Characterising biological pathways from gene expression data

Gene Set Variation analysis is a technique for characterising pathways or signature summaries from a gene expression dataset. GSVA builds on top of Gene Set Enrichment analysis where a set of genes is characterised between two condition groups defined in the sample. GSEA (Gene set enrichment analysis) works on how genes are behaving differently between the two groups defined. Do you need to understand GSEA to go ahead with this? Absolutely not. The only thing you can pick up from GSEA is that it uses a very basic concept called the ‘running sum’ which I will explain here as well.

Why do I even need GSVA?

Simply because GSEA relies on phenotypic data and samples are looked at in a way that two groups of samples whose phenotype I already know have to be compared. What if I want to study my samples for the enrichment of a pathway without relying on phenotypic information. What if I want to ask, how is this pathway or gene signature behaving in this sample? Gene Set Variation analysis can help me out here!
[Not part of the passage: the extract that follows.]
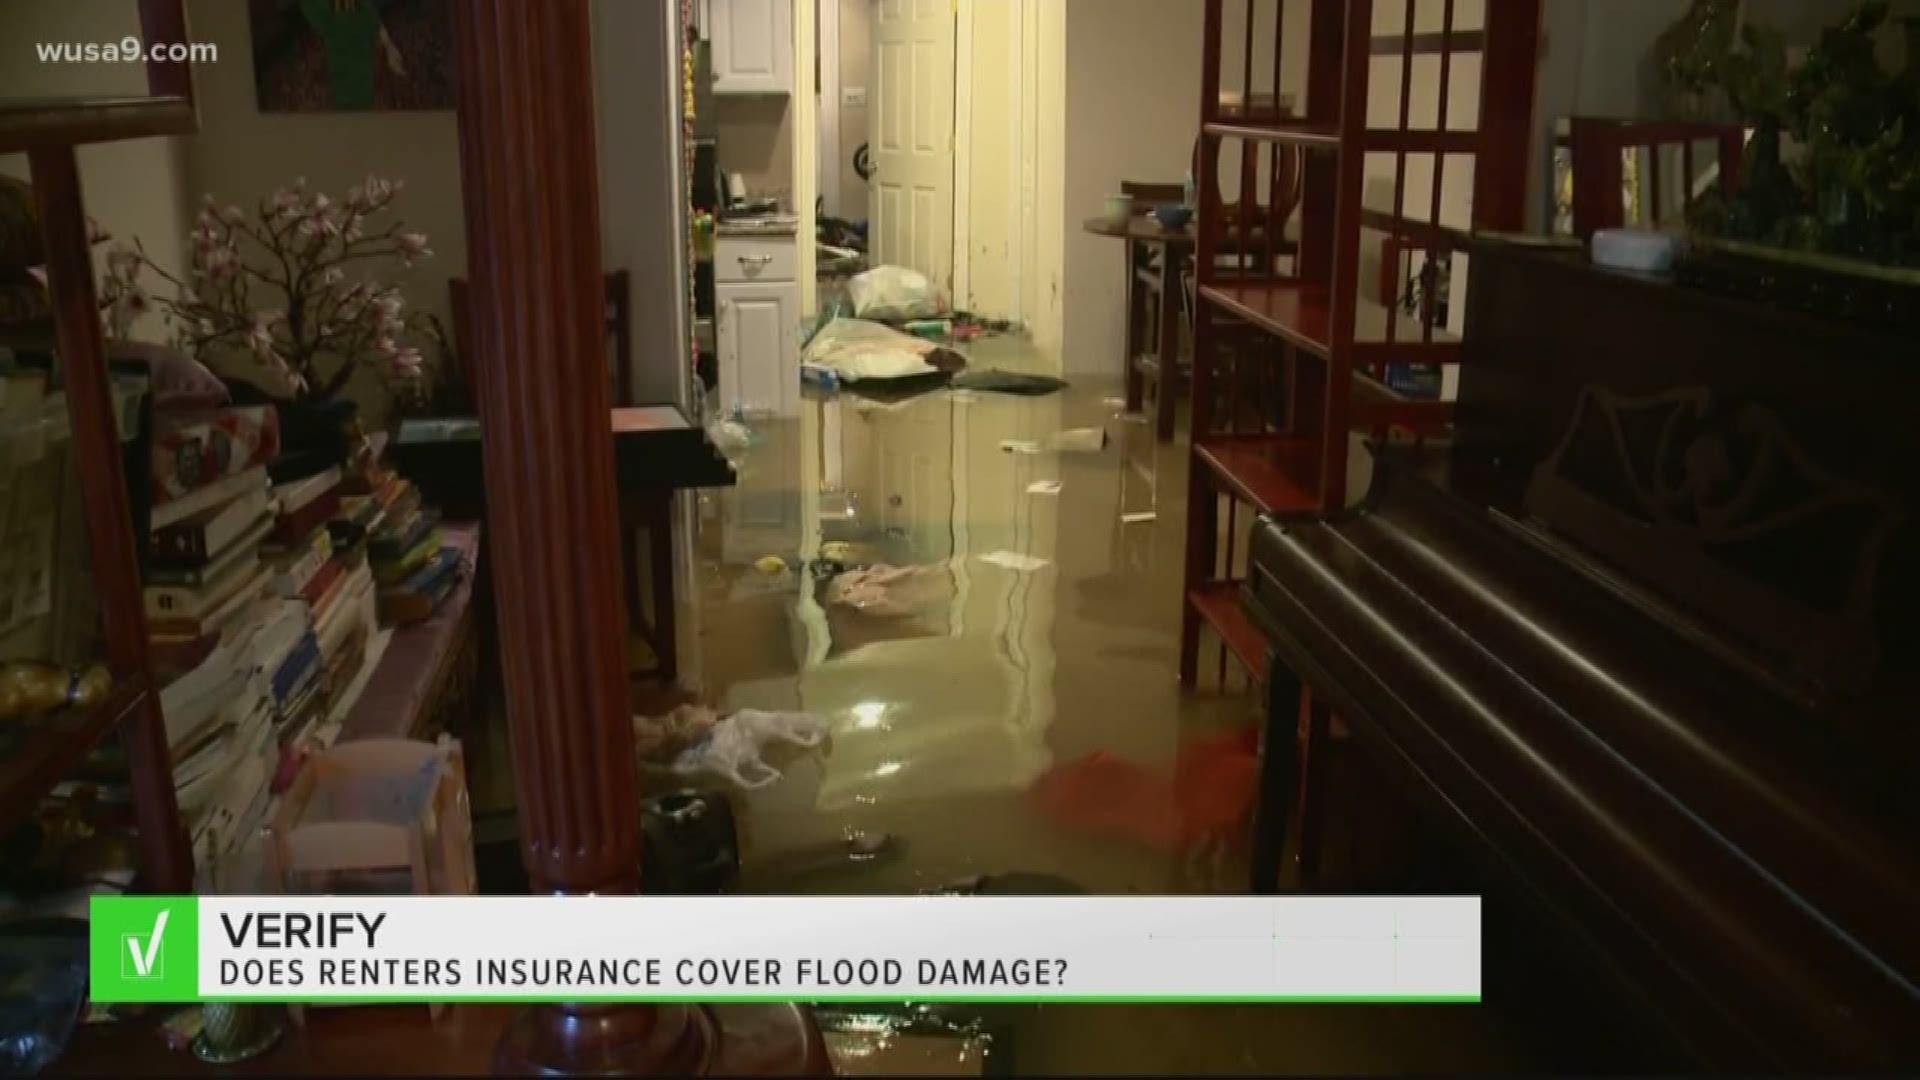 VERIFY Does renters insurance cover flood damage?

Let’s just get into it because you’re (probably) more interested in knowing how it works. I first explain how GSVA works on the surface by applying it on an actual dataset of pancreatic cancer and then we go into the depth of it by looking at what does it do to an extremely small dataset. You may skip to the latter if you are already somewhat familiar with what GSVA is on a broad level.

Steps in GSVA

Fitting the data to a model

The first step in GSVA is estimating the RNASeq or microarray data with a model. Why use a model when you have the actual data? Because models are clean, free from extremities, and easy to operate on.

RNAseq data is modelled by a Poisson distribution, and while some would argue that it is actually negative binomial and they are not wrong but let’s just consider it to be Poisson for now. Very briefly, think of an experiment where you try to sprinkle chocolate chips on a cookie from a very large distance — the number of chocolate chips landing on a cookie can be 0….any possible number. If you try to estimate the number of chocolate chips on a cookie it follows a Poisson distribution. In a similar manner, in an RNASeq experiment you are trying to get how many reads among all reads fall within the transcript of a gene. The transcripts are your chocolate chips and the gene is your cookie. That is why the counts of a gene follows a Poisson process.
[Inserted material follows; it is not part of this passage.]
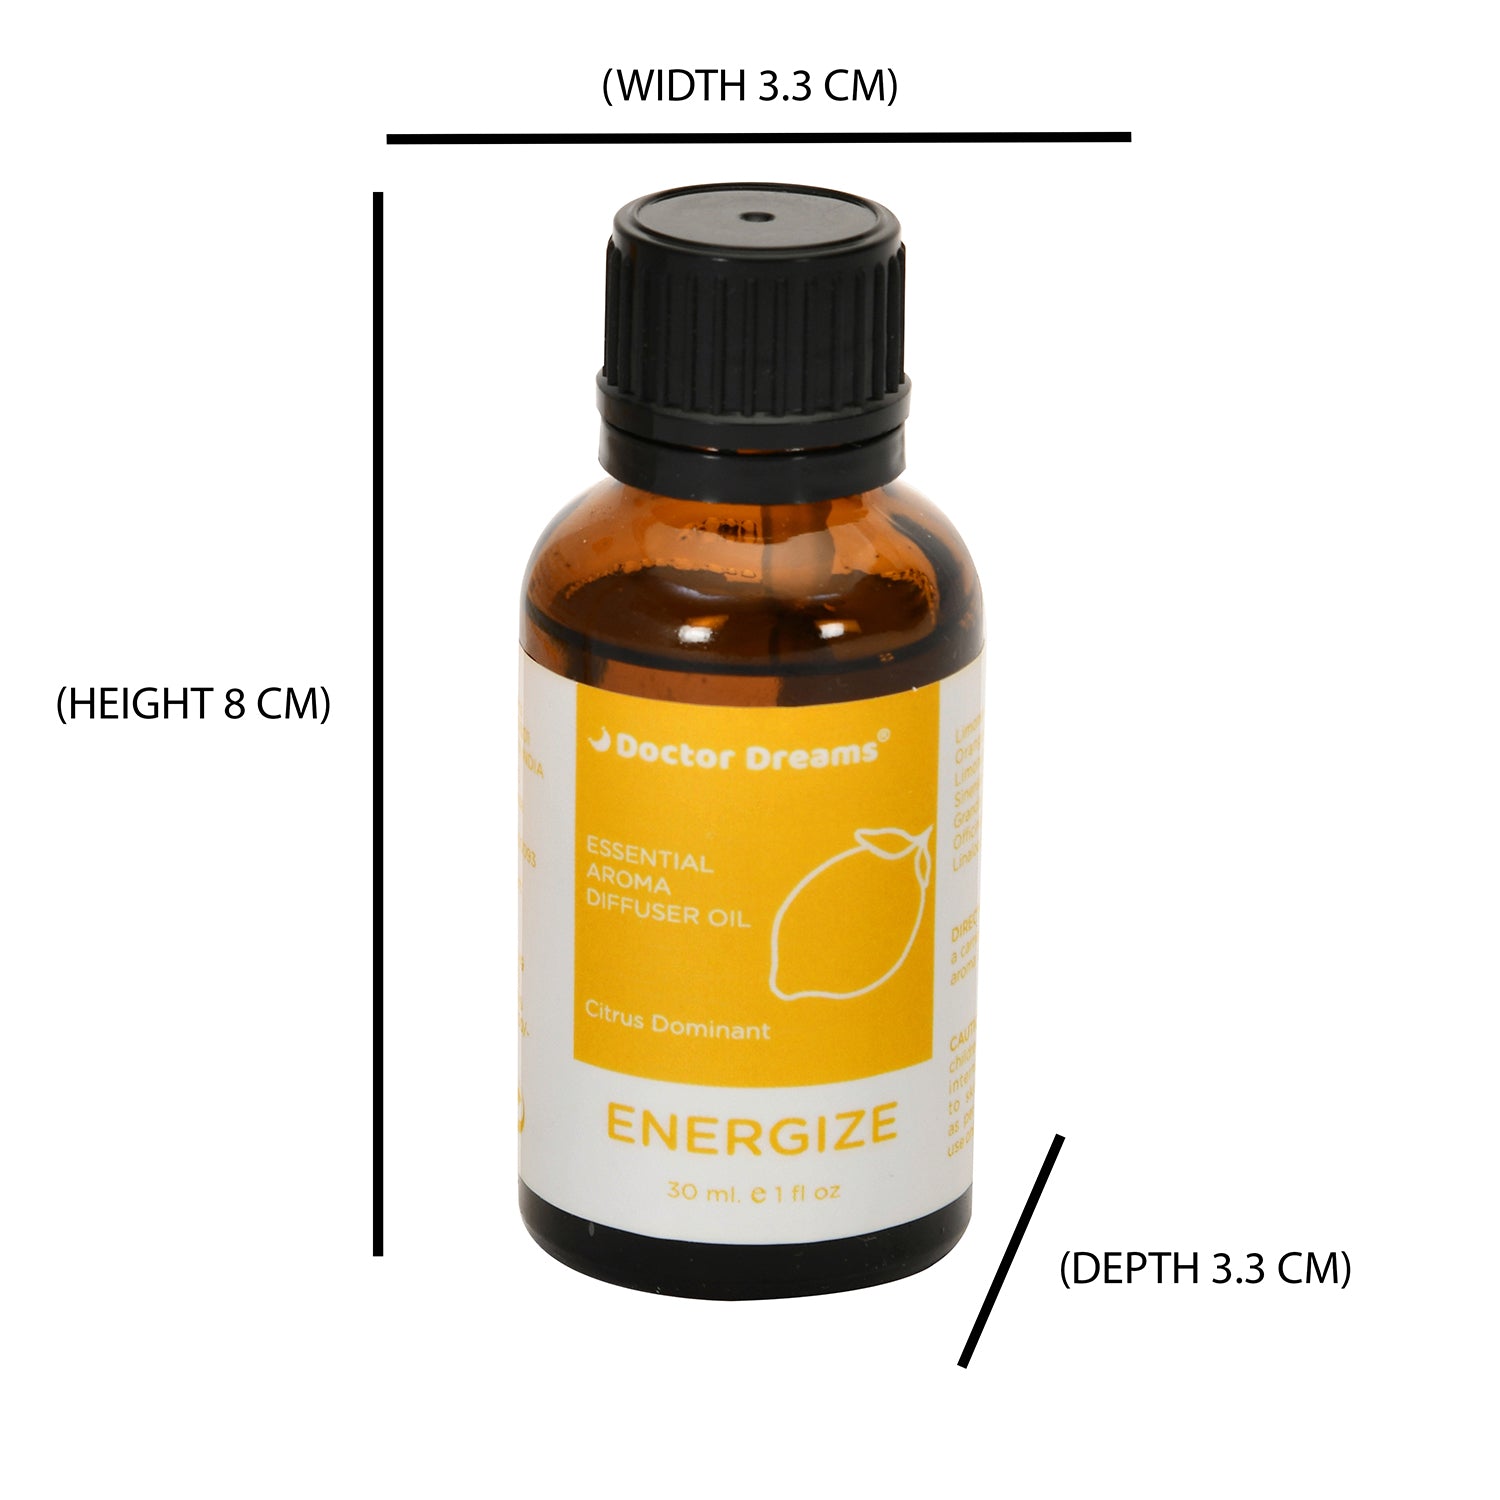 Citrus-rich essential aroma oil (energize)

In the case of microarray data, the intensity of each gene is modelled as Gaussian or normal distribution. Note that in the case of log transformed RNA Seq data, or any other continuous counts it is good to estimate it from a Gaussian distribution and when the data has integer values (for eg. raw counts) a Poisson kernel should be used to estimate it

The cumulative density function is estimated for every gene using all samples from the above distributions. In simpler terms a CDF value is assigned to each gene in each sample.
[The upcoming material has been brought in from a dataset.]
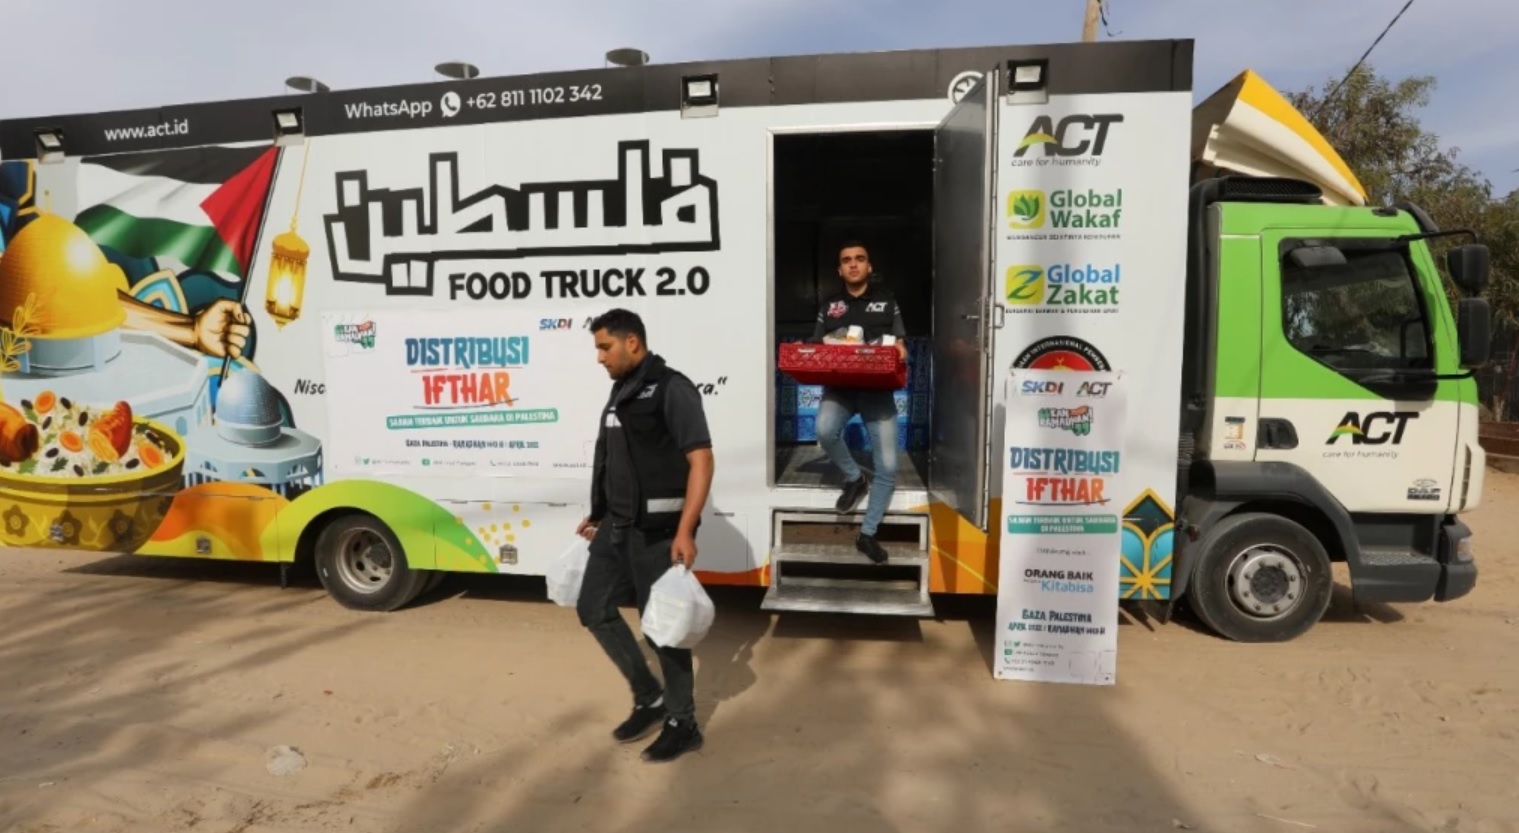 Humanity Food Truck Salurkan Makanan dan Iftar di Gaza

This is how our RNA expression data looks like. We have ~15,000 genes in 183 samples.

Let’s look at the CDFs of the fitted distributions for some of the genes.

The CDF has been estimated for each gene. The next step is to rank each each gene for every sample. It will be later clarified why we rank each gene in every sample. Note that these ranks are used to calculate the GSVA scores.

Defining gene sets

It’s no surprise that we need a gene set to do GSVA. These gene sets may come from anywhere — a pathway you might be interested in, a gene signature you discovered in an experiment or a signature you found out from a paper written 10 years ago. Say we want to study two signatures : -

  1. type 1 Interferon signature — This signature consists of 25 genes.
  2. type 1 Interferon stimulated genes — This signature consists of 125 genes.

Calculating GSVA scores — K-S statistic and empirical distributions

Now that we have our ranked genes and our gene sets the next step is calculating the GSVA score. This is done using the Klimigrov random walk statistic.

The K-S statistic is a method of judging if an empirical distribution is similar to another distribution. In our case we have to define two distributions, a distribution for the genes which lie in the geneset and another distribution of the genes which do not lie in the gene set. Our question is simple : How much do the genes in our gene set vary relative to the genes not in the gene set?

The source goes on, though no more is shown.